The travails of Vodafone, BT and smaller fry such as Colt and Thus is another part of the story. So is the boom in metals markets, demonstrated yesterday by Rio Tinto's doubled profits and return of $4bn cash. Digging up copper is clearly an easier line of business right now than putting it back the ground in the form of telephone cables.
But nothing is forever, and the rise of the miners underlines how the UK economy is no longer reflected in the UK stock market. Rio, Anglo American and BHP Billiton are three of our top-15 companies but have only a handful of small British quarries between them.
UK pension funds, seeking to match UK liabilities, should be concerned because the All-Share is their prime focus for equity investment. While Rio and others are throwing off cash, there will be few complaints. But a sudden stall in Chinese demand for copper and iron ore could spell serious news for those funds in deficit.
You can call it globalisation; it's also a new layer of risk.
Follow Greenspan
The cat-and-mouse game between the European Central Bank and the financial markets is over: ECB boss Jean-Claude Trichet has in effect confirmed the bank will raise interest rates by a further 0.25% next month and again later this year.
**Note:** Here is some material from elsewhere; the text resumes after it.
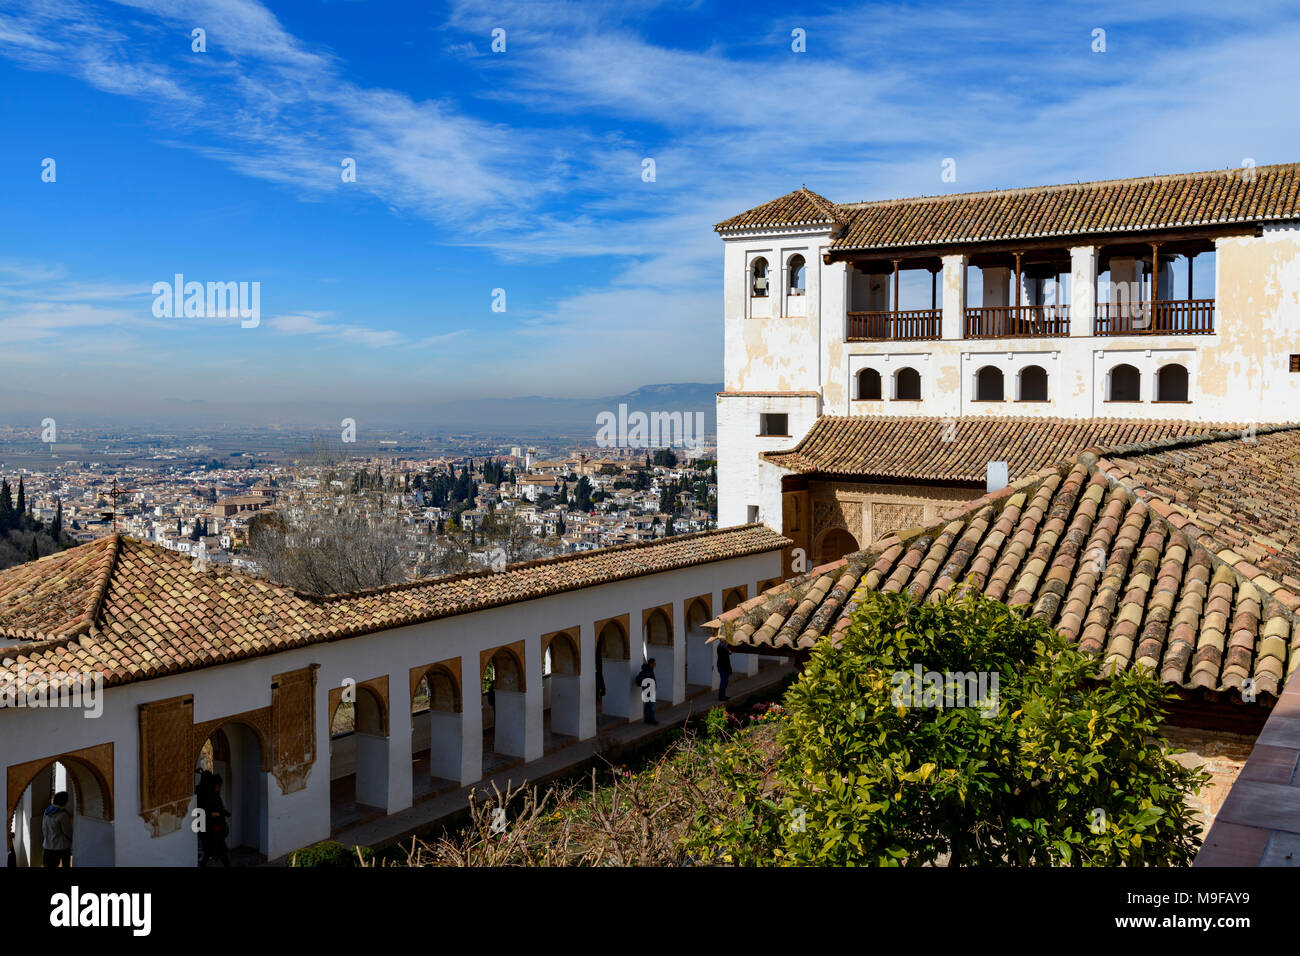 Generalife Palace (Palacio del Generalife) in La Alhambra, Granada, Spain Stock Photo
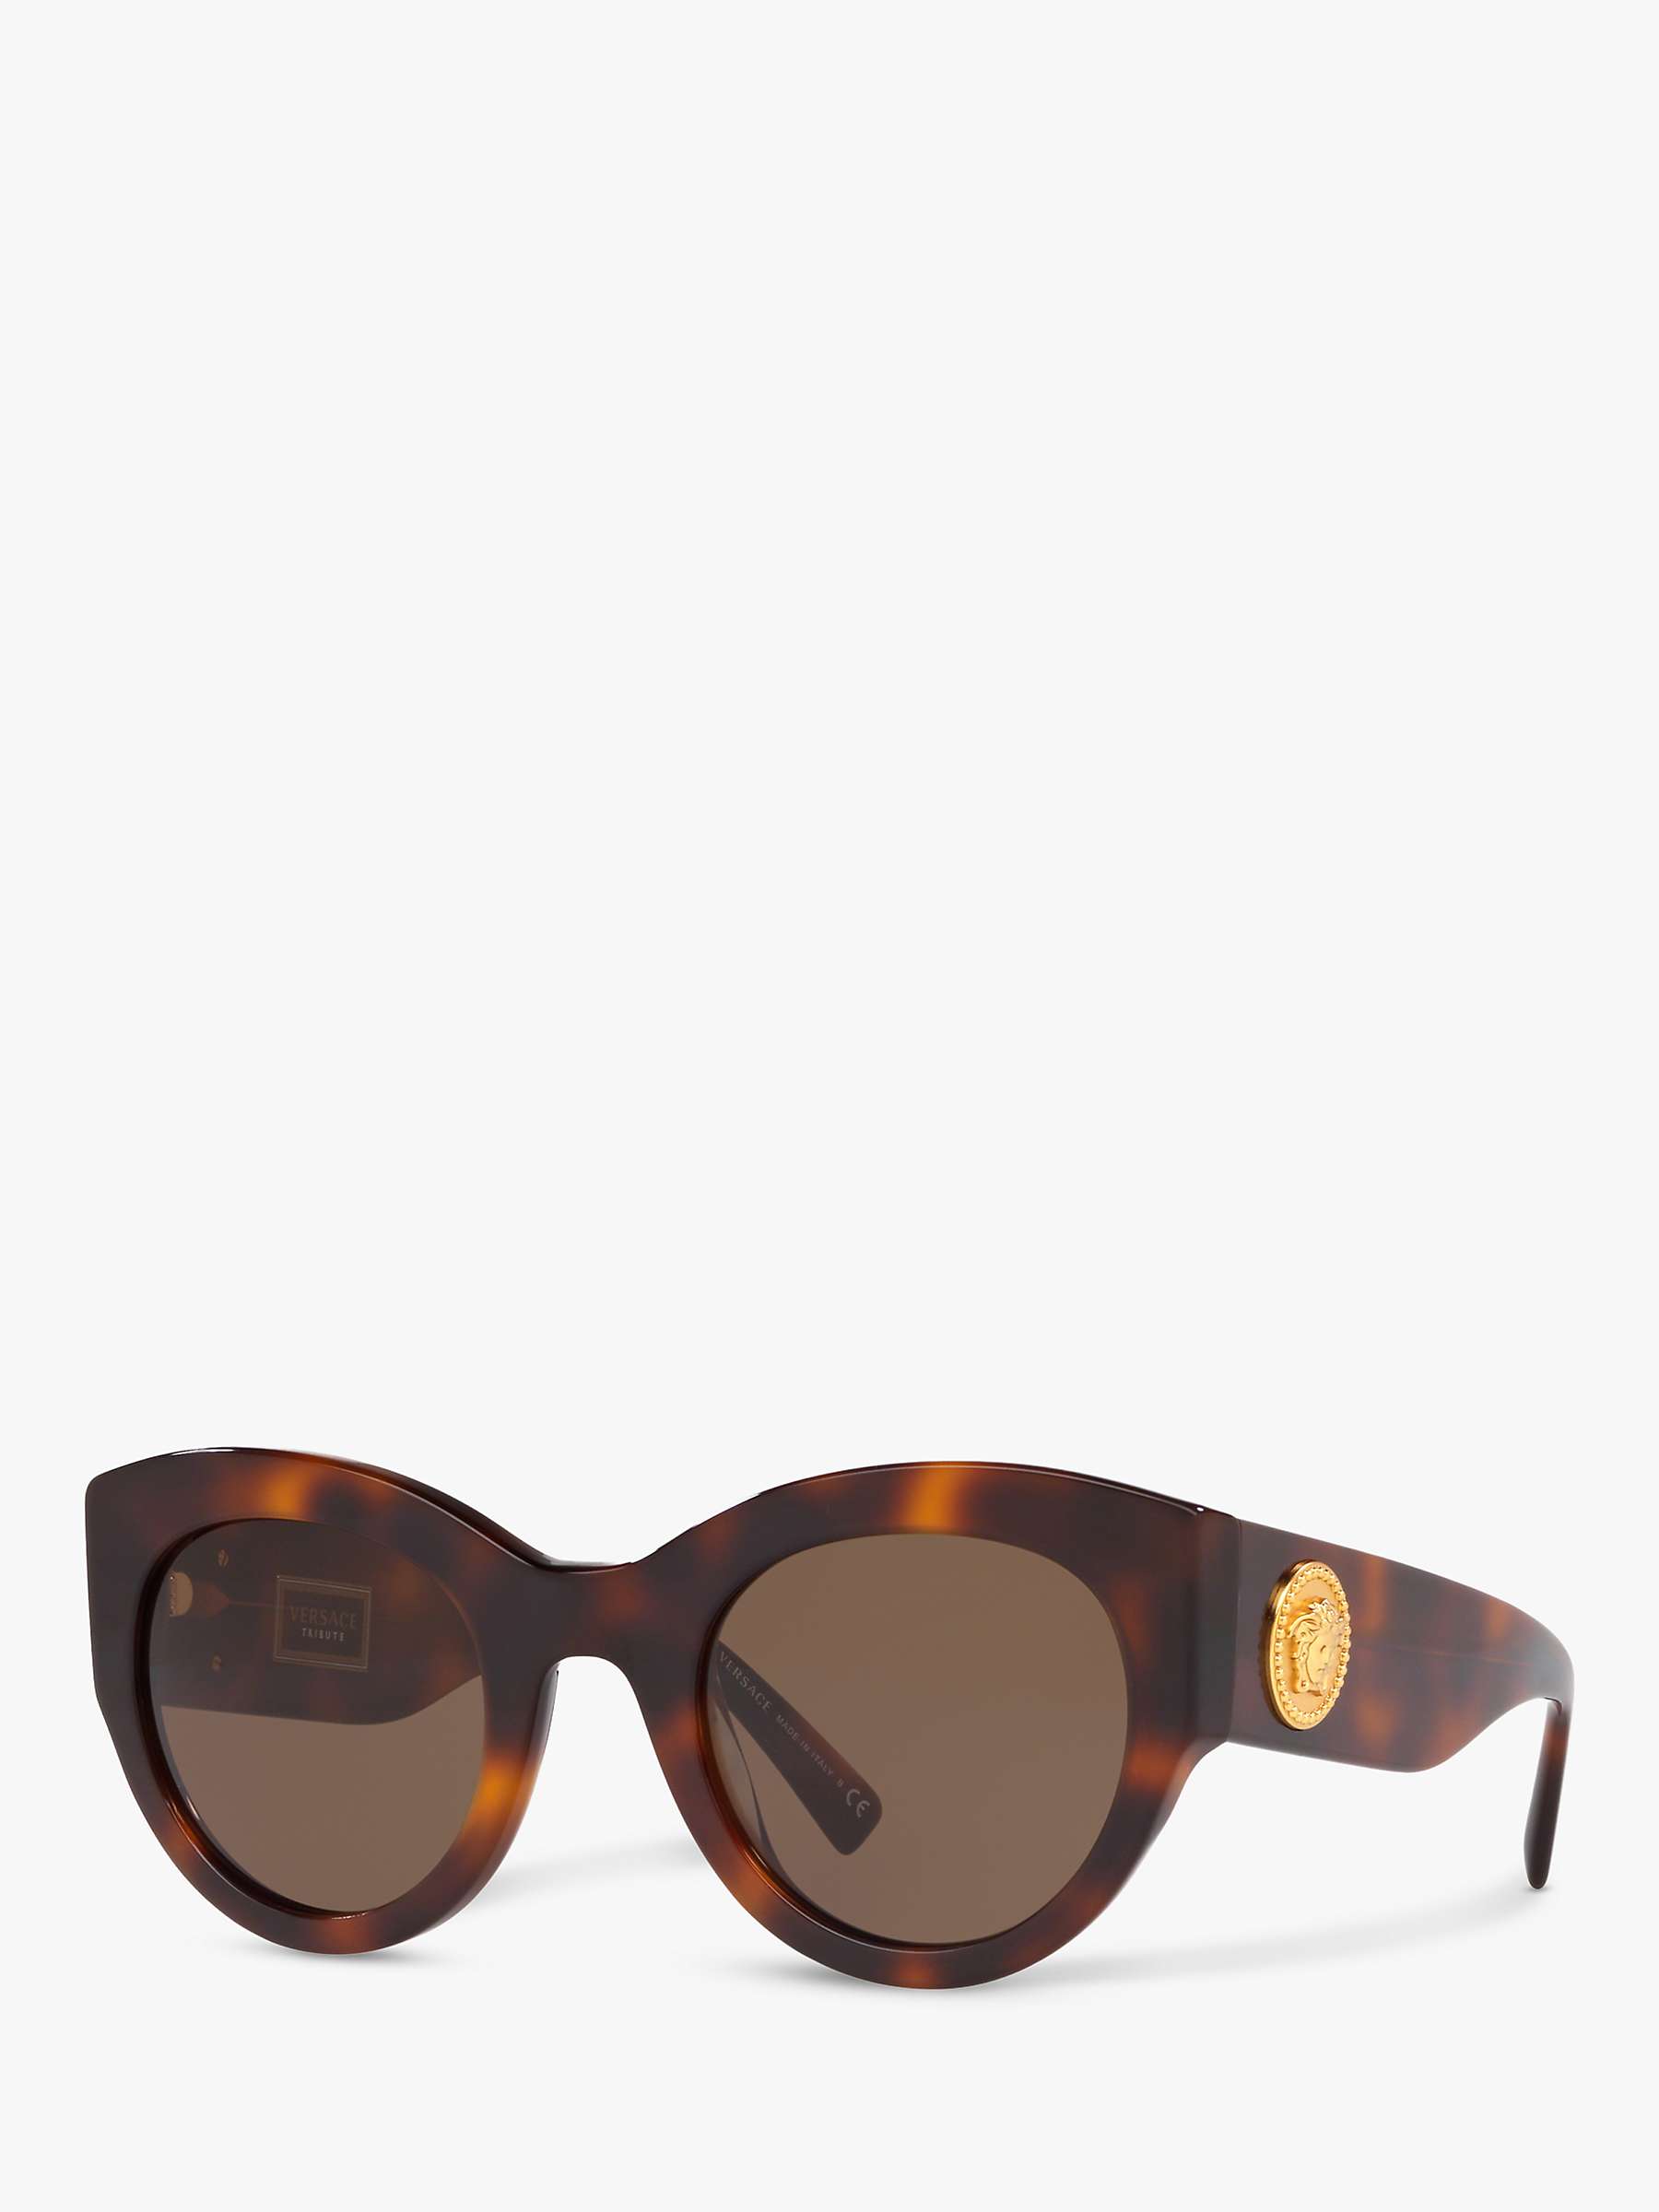 Versace VE4353 Women's Cat's Eye Sunglasses, Havana/Brown at John Lewis ...

The markets, which expect four increases (including last December's), after a 30-month standstill, were playfully told by Mr Trichet: “You're right.”
Unlike Fed chairman Alan Greenspan who retired on Tuesday with a final jump to 4.5% in the US, Mr Trichet made plain yesterday that he does not plan a series of monthly jumps. But eurozone rates can now be expected to be 3% a year from now – barring the unforeseen.
Trichet, emphasising that he alone speaks for the bank, signalled a March rise by repeatedly pointing to the need for “vigilance” about inflationary expectations and arguing that the risks to price stability, largely driven by energy costs, are “progressively augmenting”. The die seems cast for the ECB to play catch-up with the Fed.